Kara's picture
Kara

my toddler hates other toddlers

My 20 months old daughter has started to get verrry annoyed every time she sees another small child. She waves her hand in anger and shouts angrily. A few months ago she LOVED them! I don't understand what's happening with her... Maybe sh's just jealous that her mommy will love other kids as well?
Also, every time she looks into the mirror, she does the same thing. And when i say, "hey, that's you, why are you getting angry on yourself?" She just shouts again (doesn't speak very well yet), and when i say "you're good, don't get angry at your self," she shakes her head. I ask her "why, are you a bad girl?" she says "Yes!!"

I totally don't understand what's happening with her... maybe she's just passing through stages??
Please advise anything... i need it so badly



2xstepmom's picture
2xstepmom

A 20 month old probably does not fully understand the concept of good and bad when applied to herself. She also does not comprehend hate at this young age. She is possibly just trying out emotions, ie: anger/displeasure and testing you for your reaction.
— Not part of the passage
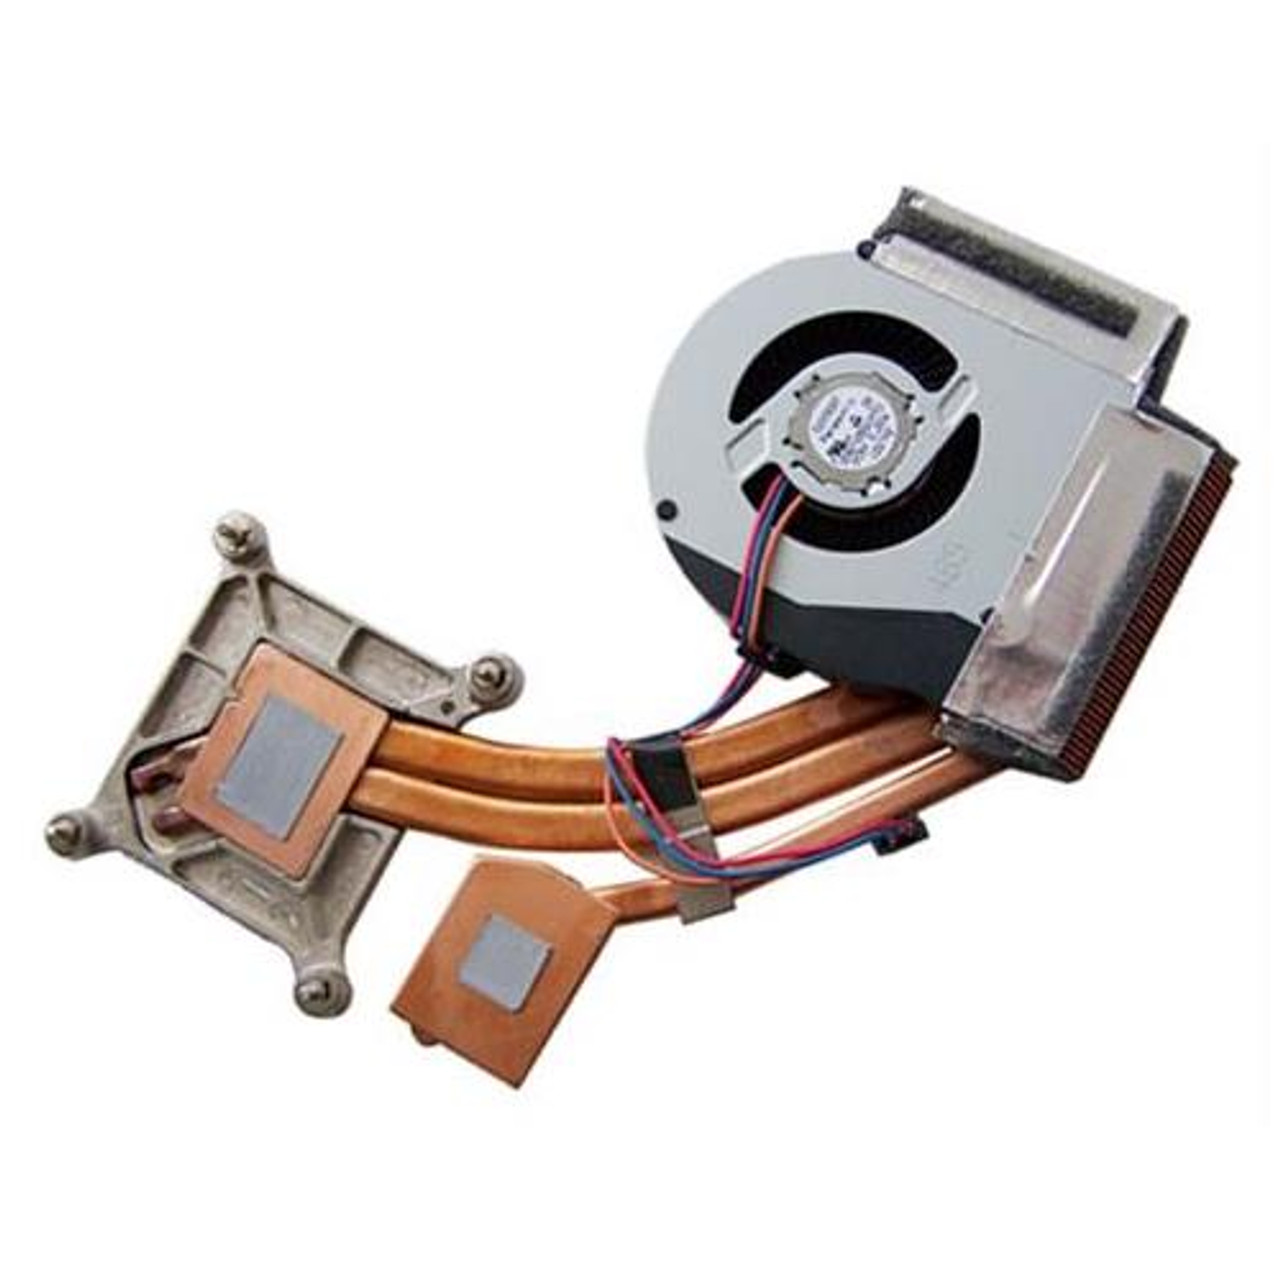 0C45703 Lenovo Cooling Heatsink and Fan for ThinkPad X240

Don't make a big deal out of this. Being not very verbal as yet it is unlikely you will find out exactally what is going on with her right now. Continue to expose her to new people and situations. Remove the word "bad" from your vocabulary, substituting with more benign words of your choice. She is likely going through a stage and needs your help in sorting out the new emotions she is feeling.

Tell her often she is a GOOD girl and that other children are her friends. Do not excessively make over other children. Reassure her that you love your girl and that she has lots of friends with whom to play and have fun. Hope this helps.

concerned mom's picture
concerned mom

I think 2xstepmom has said it well. This is probably a stage, so I wldn't worry too much. I wld still encourage your daughter to socialize w/ other children her age. This is how she will learn. Teach her appropriate social interaction by exposing her to other children and guiding her. If she behaves well, praise her. If she misbehaves, tells her this is not ok behavior, and show her how to better act. You can do this by having playdates, joining a playgroup, going to the park, or going to mommy and me classes together. Try to make the experience as fun as possible. Good luck!

Kara's picture
Kara

Thanks both of you so much... a week ago i told her that it is not ok to shout and get angry at sight of other children, i told her that she should smile, air-kiss and pat them. and she has changed a lot!!! but the mirror-thing hasn't changed... so i am telling her "if you don't like looking into the mirror, then don't look into it" and she doesn't look into the mirror after i say it, lol
i also hope this is just a stage she's passing.